Background


In Operation Enduring Freedom being fought in Afghanistan against Taliban and al Qaeda forces, American and coalition forces in the ISAF depend upon helicopters for evacuation of wounded soldiers from the battlefield. The long distances involved between combat areas and medical facilities, and the fact that most roads are strewn with improvised explosive devices makes the use of helicopters vital.

Helicopter Assets

The helicopters used for medical evacuations are under the centralized control of a joint NATO command that counts among its assets:

  • U.S. Army helicopters (MEDEVAC – unarmed and marked with large Red Crosses on a white background on all visible surfaces; known as “Dustoff”)
  • U.S. Air Force helicopters (CSAR/CASEVAC – armed, unmarked; known as “Pedro”)
  • U.S. Marine Corps helicopters (CASEVAC – armed, unmarked) 
  • British armed forces helicopters (CASEVAC – armed, unmarked; known as “MERT”)

Policies and Issues

Policies and Issues Affecting MEDEVAC Missions

Each of these topics will be covered in turn in detail on separate pages of this web site. The policies, procedures and issues are intertwined and no solution can be effected without changing multiple policies and procedures currently in place.

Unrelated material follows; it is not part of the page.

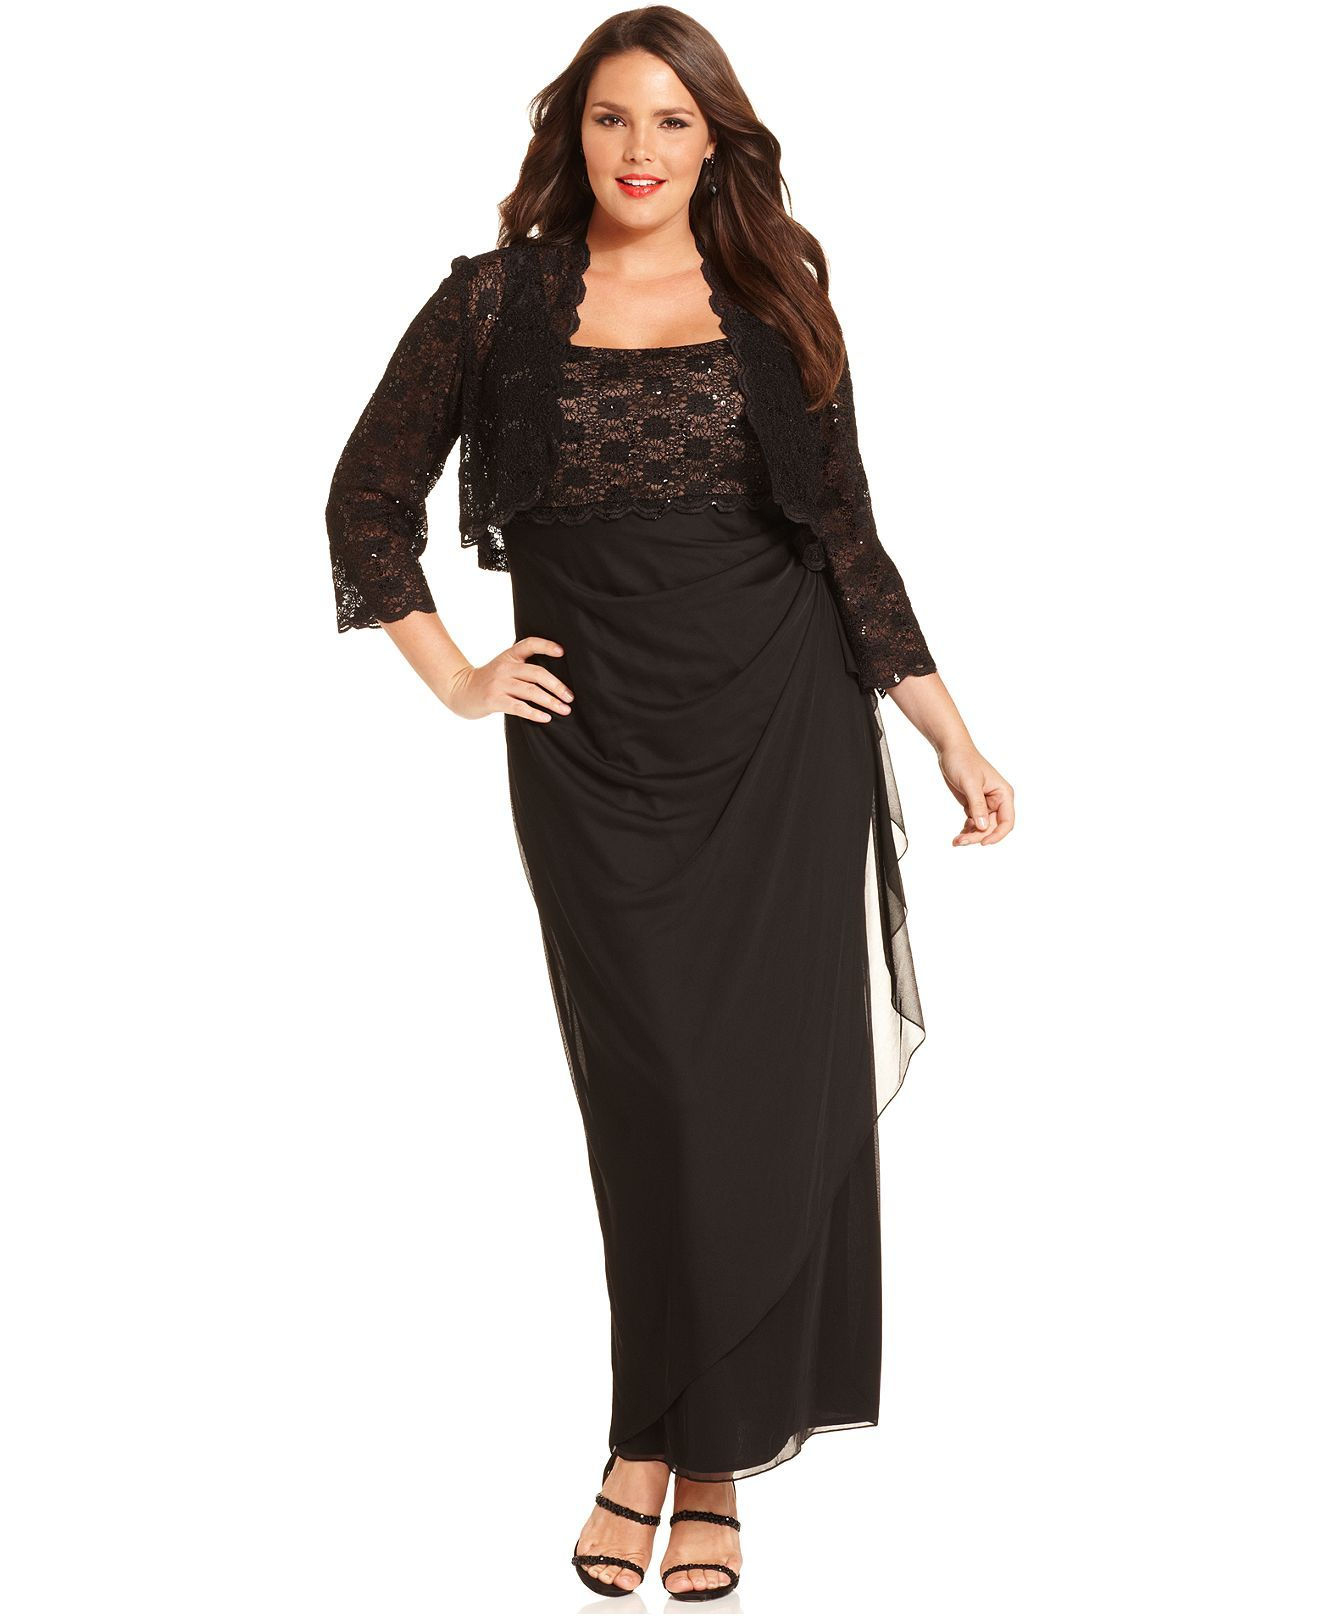 Black Plus Size Dresses Macys - raveitsafe

For example, the policy in effect in Afghanistan that all helicopters must fly in pairs – and in many cases that requires an armed escort –  is linked directly to the number of helicopters deployed to Afghanistan – in particular the number of armed attack helicopters (Apache, Kiowa Warrior, etc.). Because there is a shortage of helicopters, it is inevitable that some MEDEVAC missions will be delayed because all armed escort helicopters are either already on escort or combat support missions or are down for maintenance.

Another example is the policy that MEDEVAC units are now part of Combat Aviation Brigades links with the policy of no armed escorts are dedicated to MEDEVAC units. Those helicopters have a priority in the eyes of combat commanders to support ground combat unit missions. The result again can be delayed MEDEVAC missions.

The Army policy that it will only fly unarmed MEDEVAC helicopters prominently marked with large Red Cross symbols announces to the enemy that they are defenseless, which in turn reinforces the policy that they often must be escorted by attack helicopters to protect them.

In the 1960’s the civilian trauma care world shifted to a benchmark of the “Golden Hour”, meaning trauma victim survival improves when they are in the care of doctors within 60 minutes of their injury. Until Secretary of Defense Gates insisted in 2009 that the Army MEDEVAC use this performance benchmark, the MEDEVAC missions were graded on meeting a 2 hour timeline to recover wounded soldiers and delivery them to a medical treatment facility. The effect of this direct order was that more helicopters were finally deployed to Afghanistan in 2009-2010.